→ **Information provided**
▼
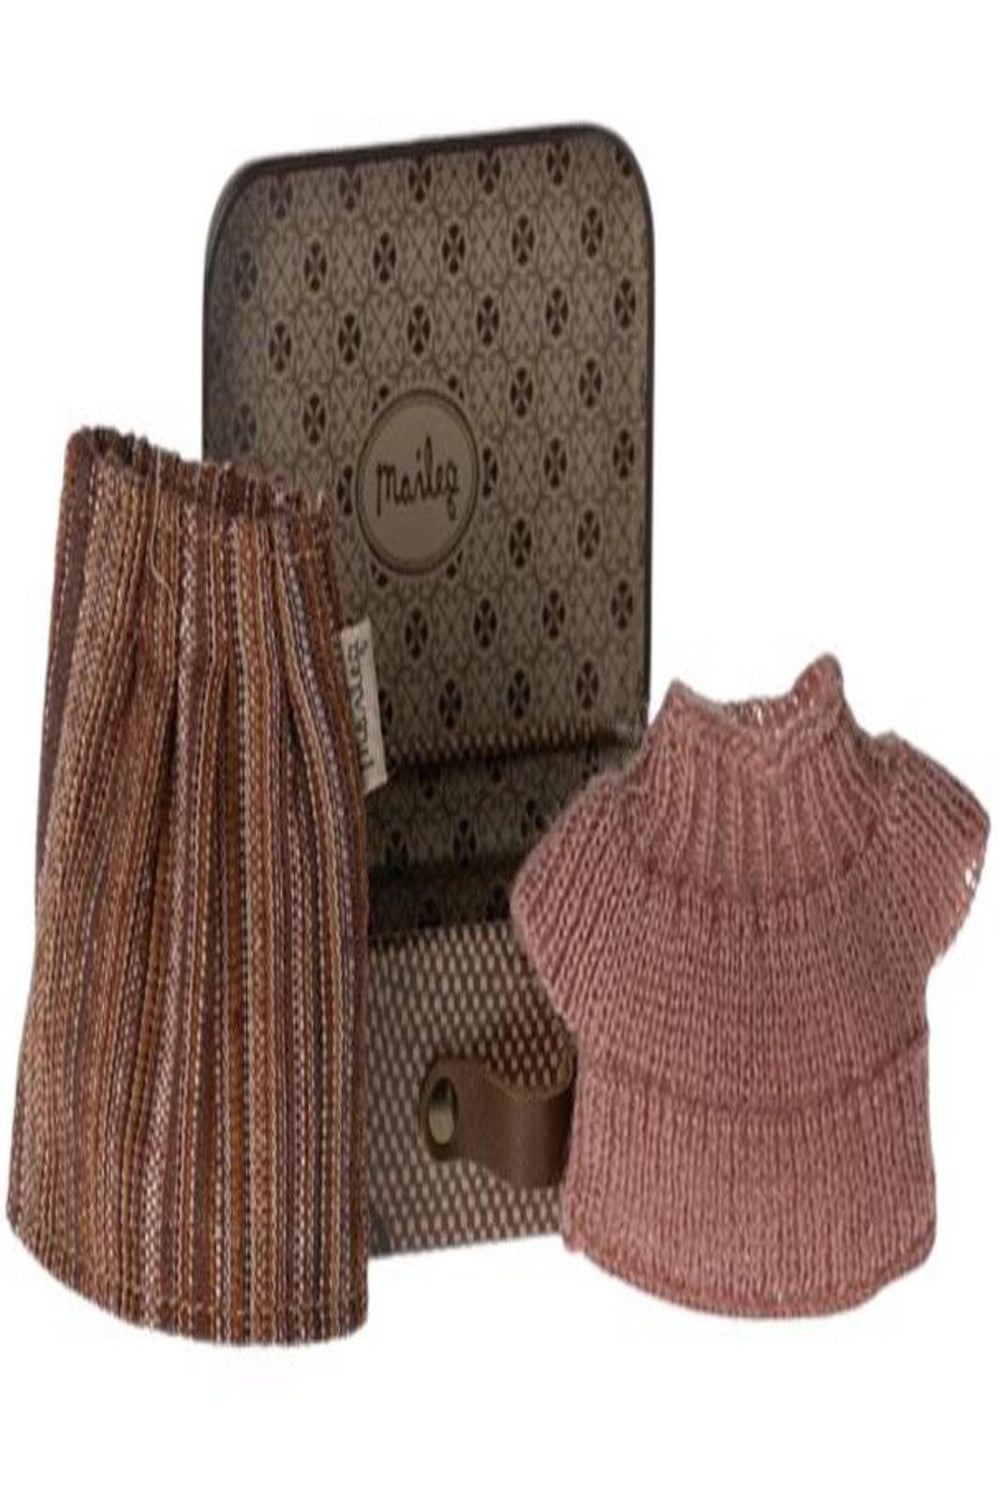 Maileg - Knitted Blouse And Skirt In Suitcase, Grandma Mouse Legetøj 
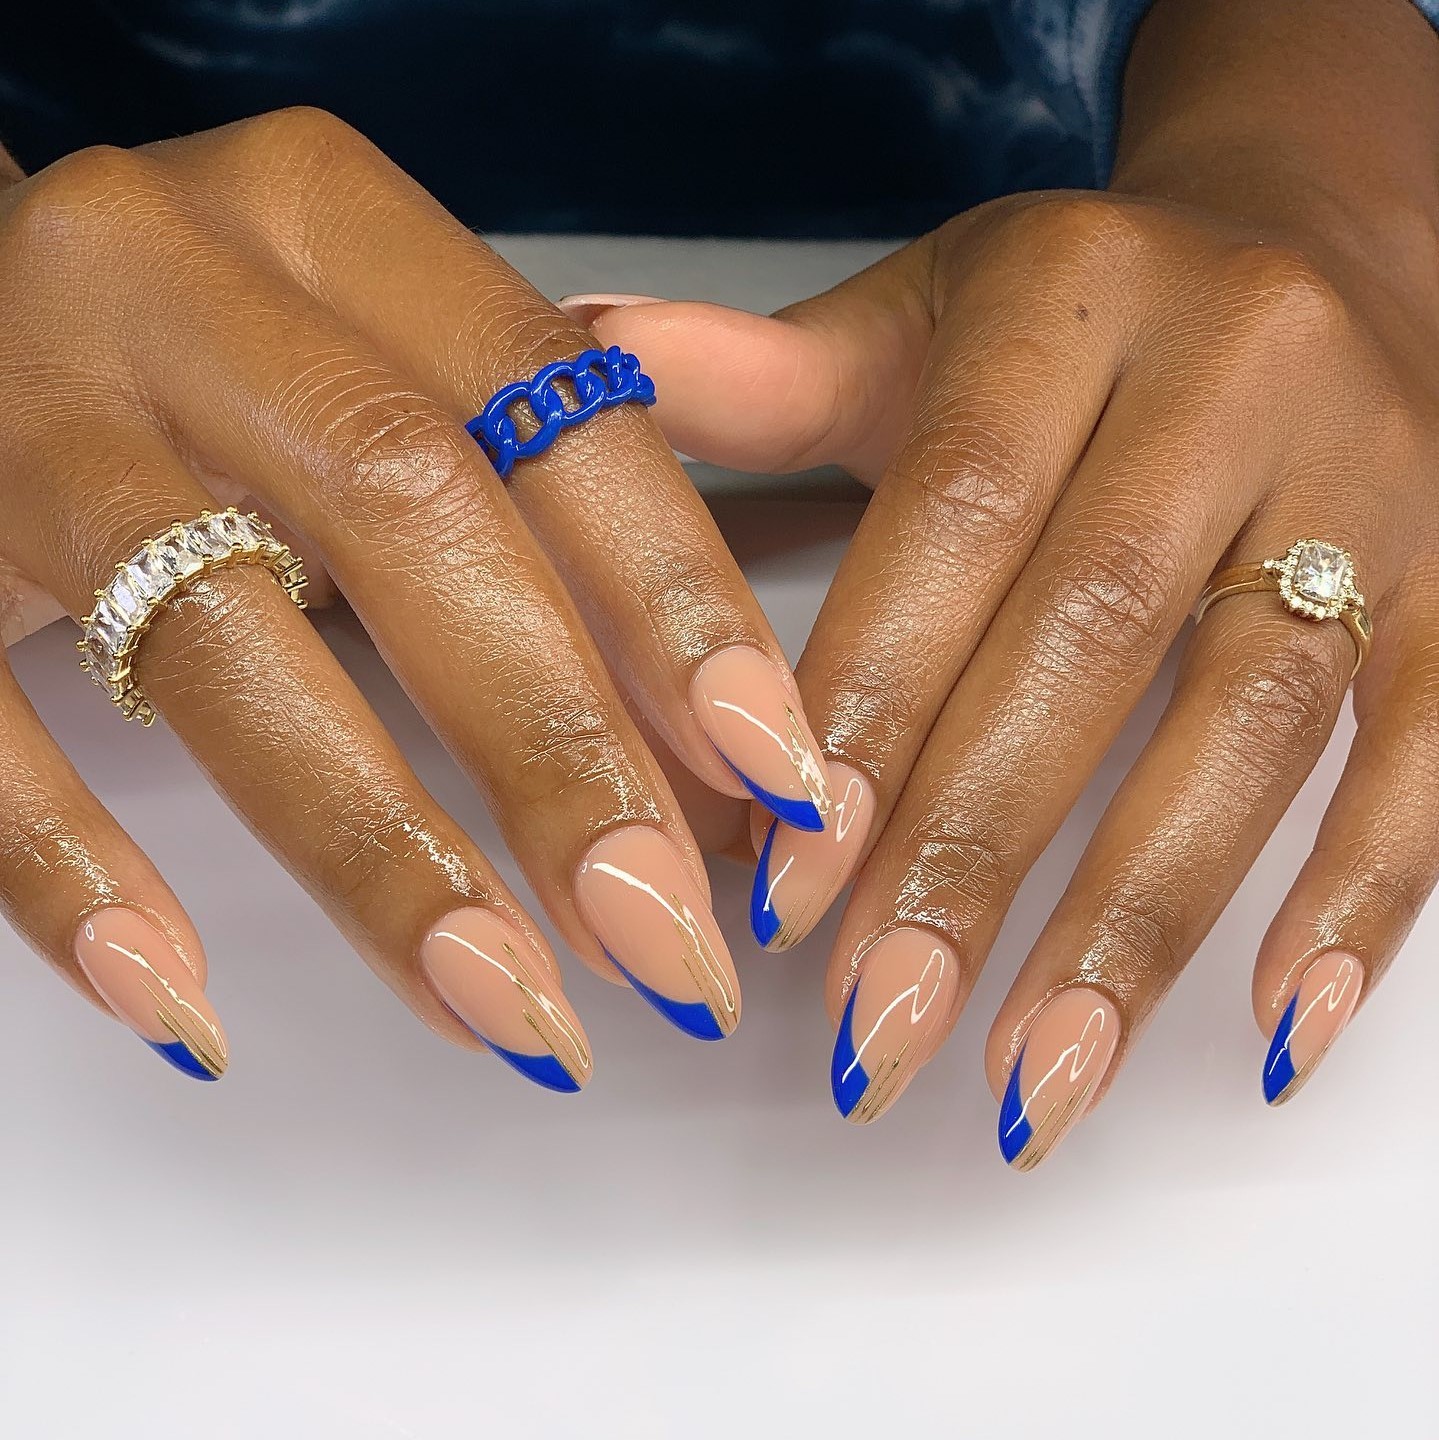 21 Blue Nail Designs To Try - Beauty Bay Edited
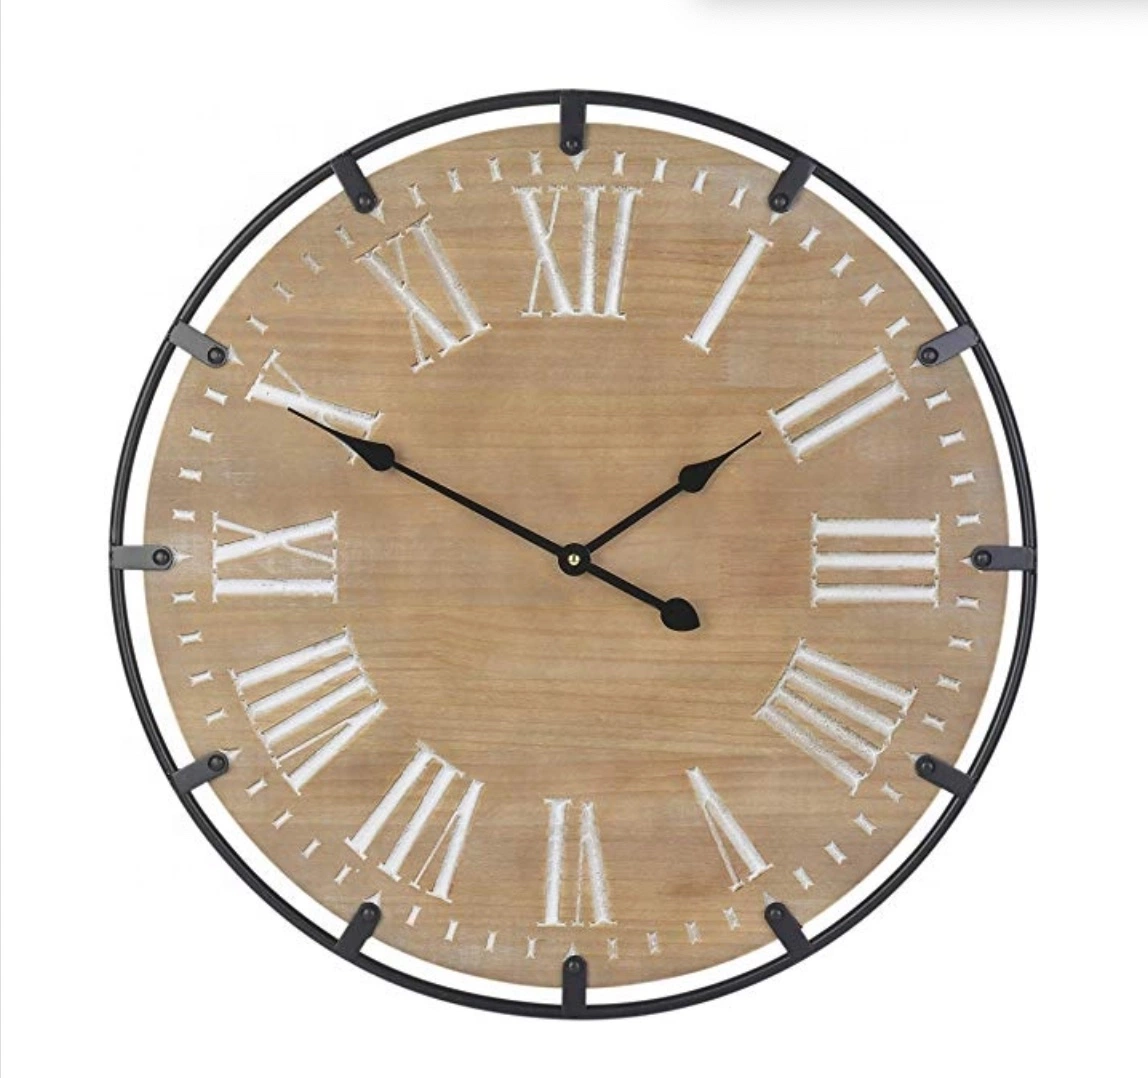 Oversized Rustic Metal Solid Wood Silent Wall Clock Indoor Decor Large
▲
→ **What to do**
Copy exactly the lines that run from the line containing "21 Blue Nail" to the end of the data above, keeping both end lines and leaving out all pictures.

→ **Output for this exercise**
 21 Blue Nail Designs To Try - Beauty Bay Edited
 Oversized Rustic Metal Solid Wood Silent Wall Clock Indoor Decor Large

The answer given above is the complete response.